Выбрать главу

Мейерхольд остался жив. При Теляковском он был режиссером на Александрийской сцене. Здесь он ставил в придворной роскоши Людовика XIV мольеровского «Дон Жуана». То был период Мейерхольда во фраке и в белых перчатках. Но сей отравитель и угаситель искусства был в жизни находчивый хамелеон. В 1920 году он уже был ярый коммунист. Он состоял заведующим Театральным отделом при советском правительстве. Он объявил, что театр должен быть органом коммунистической пропаганды; на сцене — наковальня и молот, актер — рабочий. Он договорился до того, что только революционер может играть революционера! Где же искусство? А контрреволюционера, значит, может играть только контрреволюционер? Он дошел, наконец, до того, что сами же коммунисты его убрали. Нужна была вся бедность нашей жизни, нужен был тот изворот умов, в котором жил наш театральный мир, нужна была та гнилая безграмотность, в которой прозябает наша публика, чтобы такая фигура, как Мейерхольд, могла возникнуть и утвердиться в нашем театре. Сатанинской пляской прошелся он по русской сцене; и только одно утешительно: не может быть вредоносно то, что так не глубоко. Но грустно за ту пустыню, в которой такой голос принимается за нечто значащее…

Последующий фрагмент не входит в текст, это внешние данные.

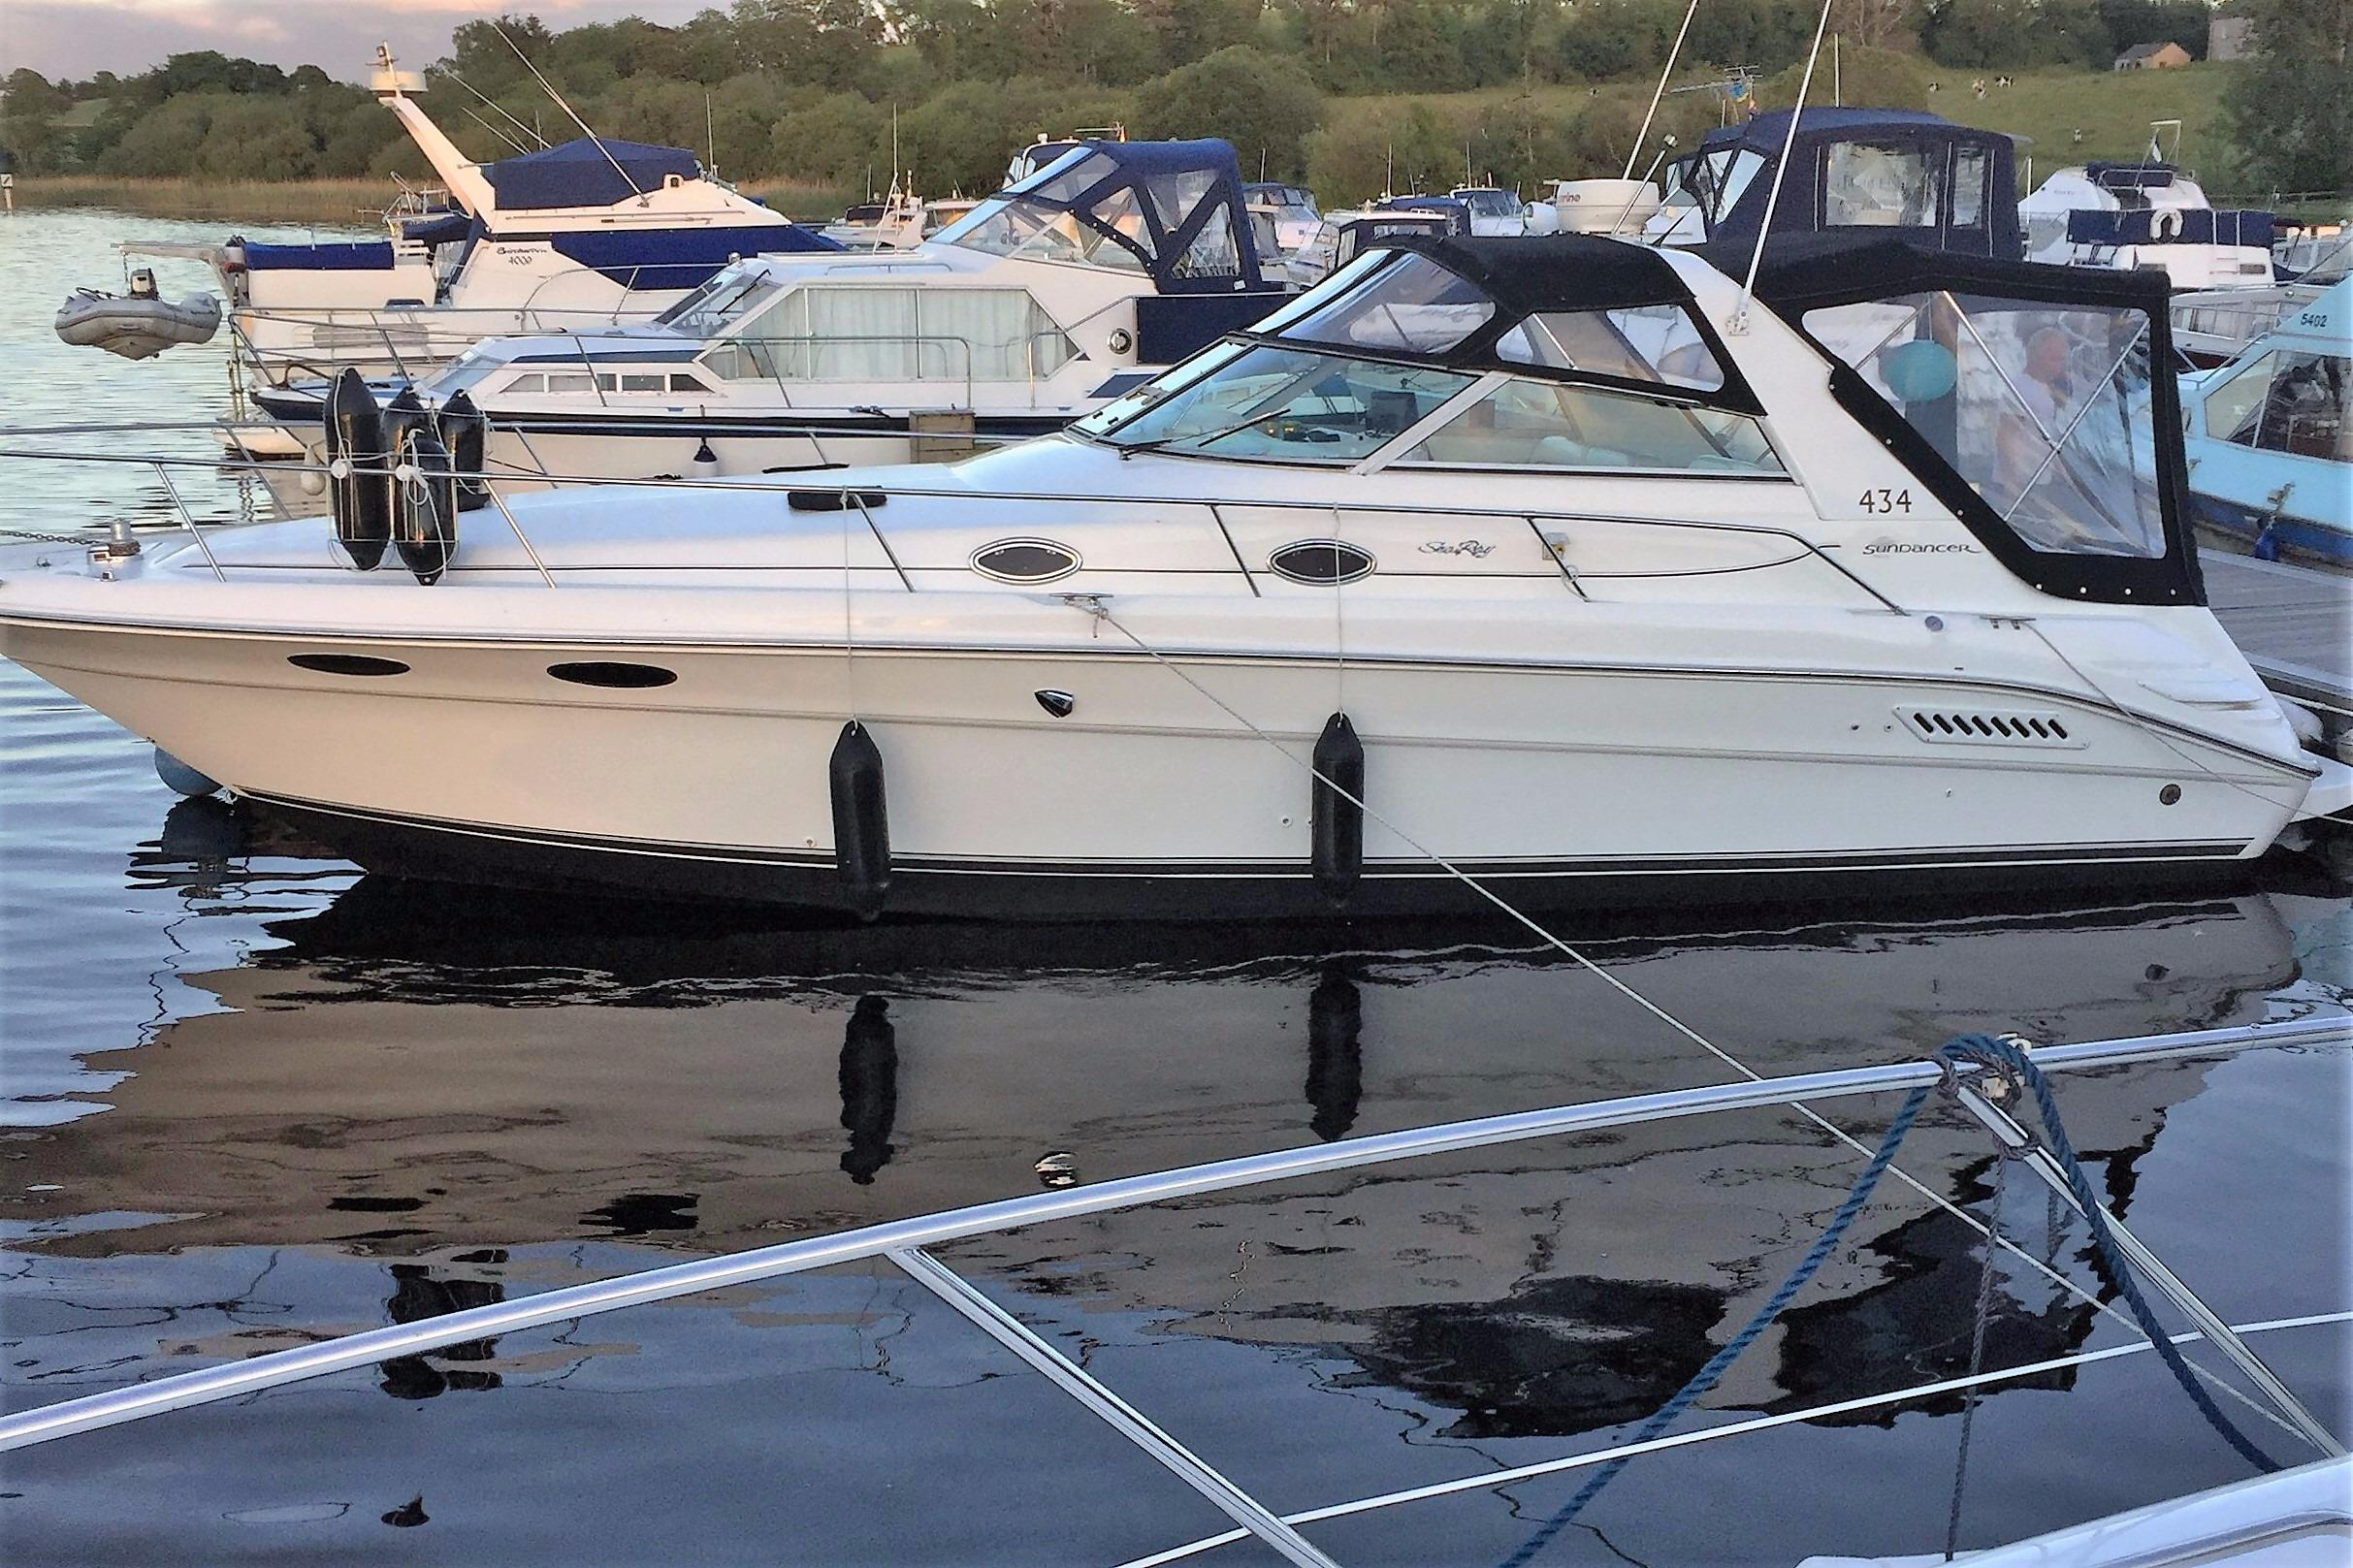 Sea Ray 1996 330 Wiring Diagram Triton Boats Trailer Wire Sundancer United Kingdom Bj Marine Rh Bjmarine Net Battery Switch

Прежде чем проститься с Александрийским театром, двух наших милых старушек еще должен упомянуть — Стрельскую и Левкееву; первая была восхитительна в ролях благодушных, вторая — в сварливых; первая была мамаша, бабушка, тетушка; вторая была кухарка, сваха, теща. Но обе были сама жизнь. Они были — с меньшим блеском, с меньшей красочностью — в Петербурге такою же парой, какою в Москве были Садовская и Акимова. Я еще застал Акимову, с ее голосом как иерихонская труба, грузную, обширную, вносящую с собой ураган смеха всякий раз, как выходила на сцену. А Садовскую, Ольгу Осиповну, мы все хорошо помним — сухопарую, язвительную, восхитительно гибкую в злых интонациях.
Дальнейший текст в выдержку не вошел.